First, the central bank would sell US $500 annually to each citizen of any age, at the official exchange rate of approximately 1.4 dinars to the dollar, in an arrangement known as the head of household grant. Later, in 2019, the grant amount was raised to $1,000 per person. The central bank maintains that this is compensation enabling citizens to counter the effects of inflation. The grant allowed citizens to sell the dollars they purchased on the black market at about four times the value they paid for them, which effectively fed the growth of the black market which the measure was supposed to be combating.

Secondly, in October 2018, the government imposed a tax on the sale of foreign currency by the central bank amounting to 183% of the official rate. This renders the real price of a dollar for those wishing to buy approximately 3.85 dinars, compared to the official rate of just 1.4 dinars. In July 2019, the government reduced this tax to 163%, and the dollar began to be sold at around 3.65 dinars. However, as a result of widespread corruption in state institutions, this tax was not applied to everyone, and exemptions have been made for certain persons and entities to whom sales have been made at the official exchange rate without adding the tax.

On 3 January 2021, the central bank launched an arbitrary measure to further devalue the official exchange rate of the dinar by about 70%, taking the value of one dinar from 0.5175 SDR to 0.1555 SDR. The implication of this measure was to raise the value of the dollar against the dinar from 1.4 to 4.48—an increase of nearly 320%.

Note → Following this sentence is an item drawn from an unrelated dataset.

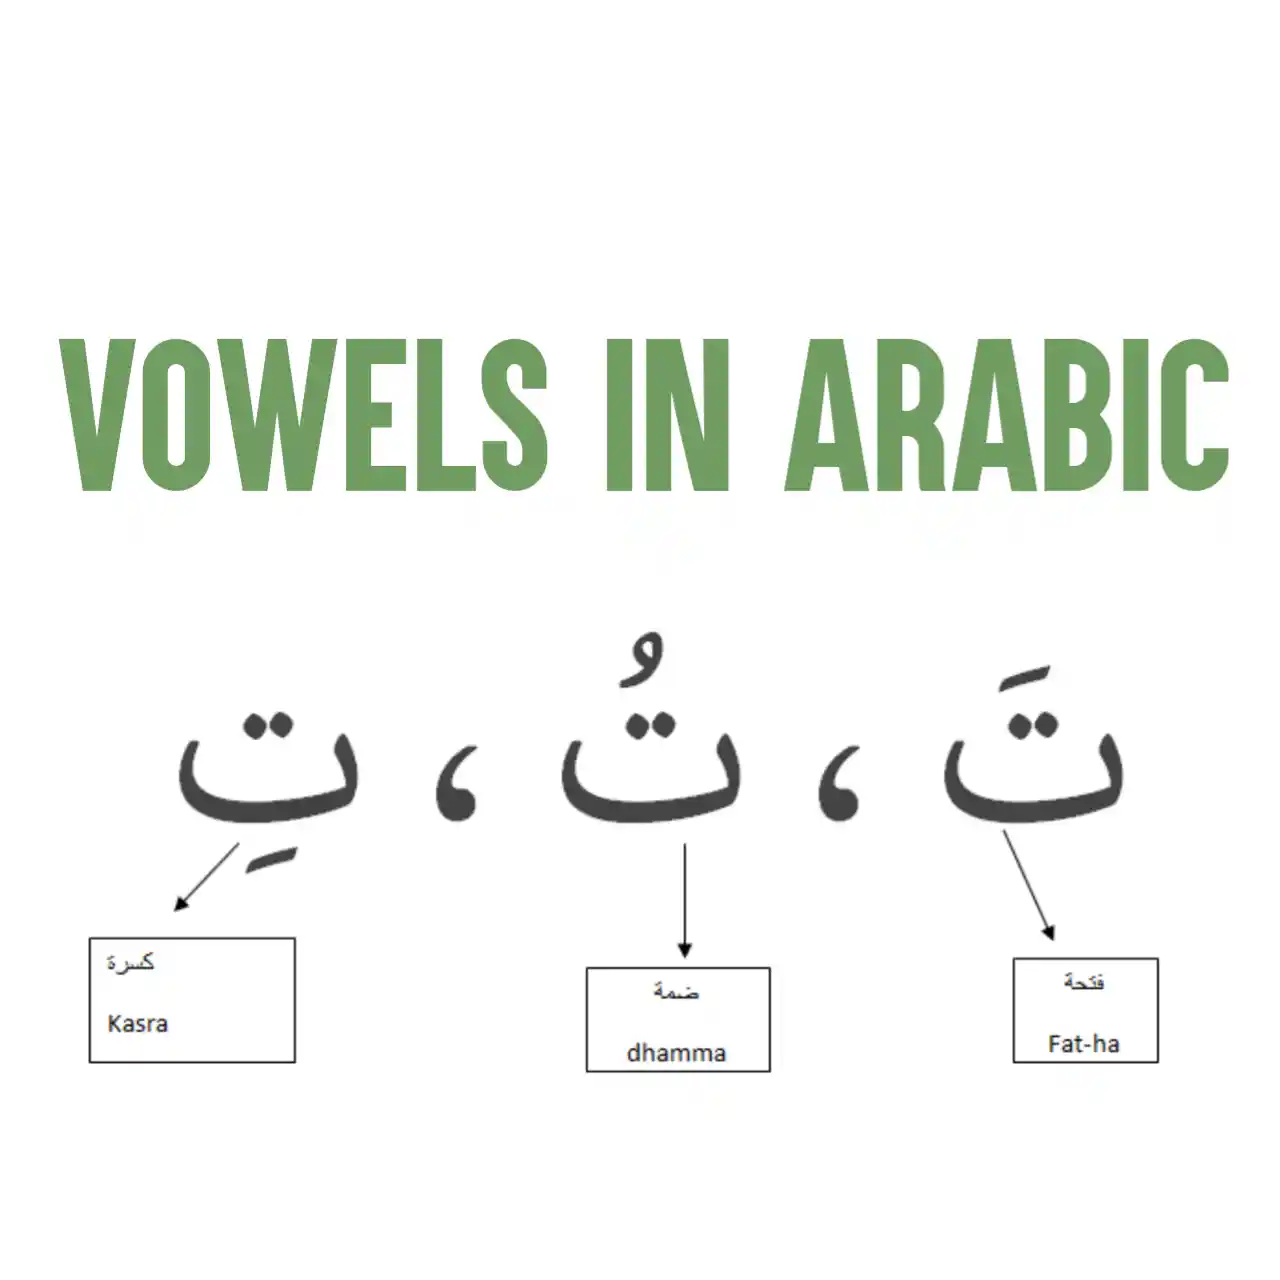 Vowels In Arabic

The impact of this measure on citizens with fixed incomes—whose real incomes would decrease in the same proportion as the dinar’s devaluation—has not been studied. This measure would also lead to an increase in the smuggling of commodities, especially gasoline and certain other goods. It is true that the measure may provide a boost to cash liquidity in the short term. However, it will also lead concurrently to an abundance of funds in the public treasury, due to the increase in the value of US dollars that the government receives by exporting oil. This may be the true, unspoken reason for the recent devaluation.

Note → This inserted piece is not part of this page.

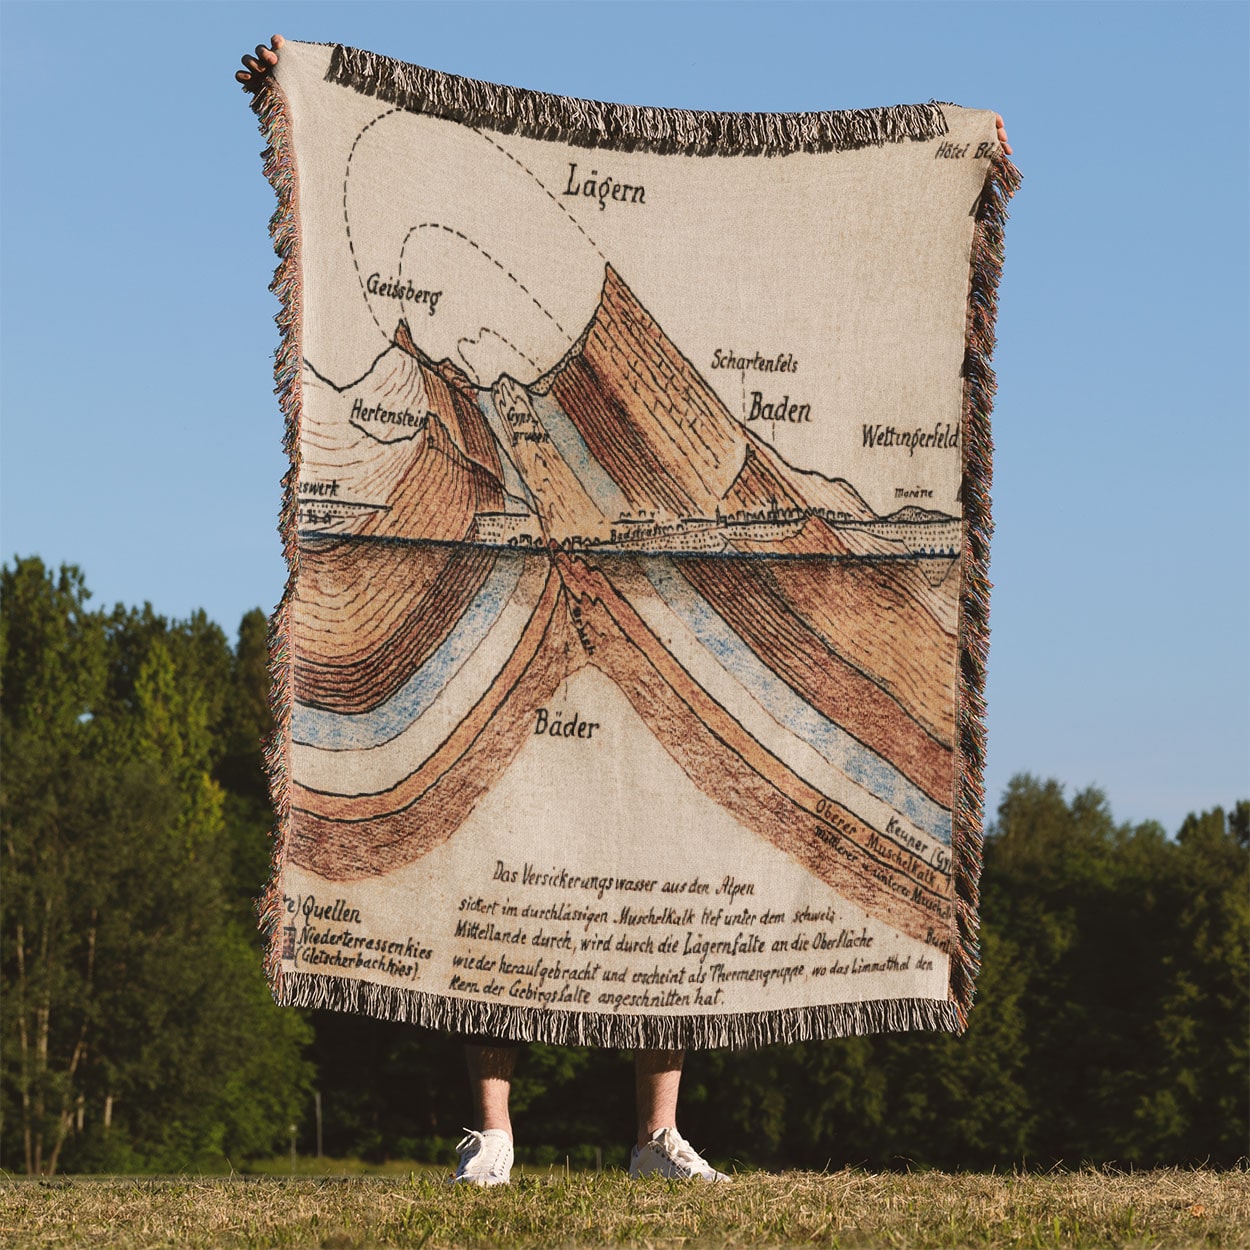 Vintage Scientific Woven Blanket Held Up Outside

What the government and central bank have not yet considered is that devaluation must be accompanied by a comprehensive reform program to activate the mechanisms of monetary and financial policies; control spending in both local and foreign currencies; control the money supply; combat corruption in state agencies; prevent monopolies; encourage local and foreign investment; undergo privatization in the public sector; and other necessary reforms. The cumulative effect of such policies could lead to the diversification of revenue sources; avert overdependence on crude oil exports; stabilize the prices of goods and commodities; and reduce the high rate of unemployment. Only then will the value of the dinar stabilize, and the black market and other distortions in the economy be eliminated. All of this requires effective government to manage the country’s economy, which is unfortunately the very thing Libya currently lacks.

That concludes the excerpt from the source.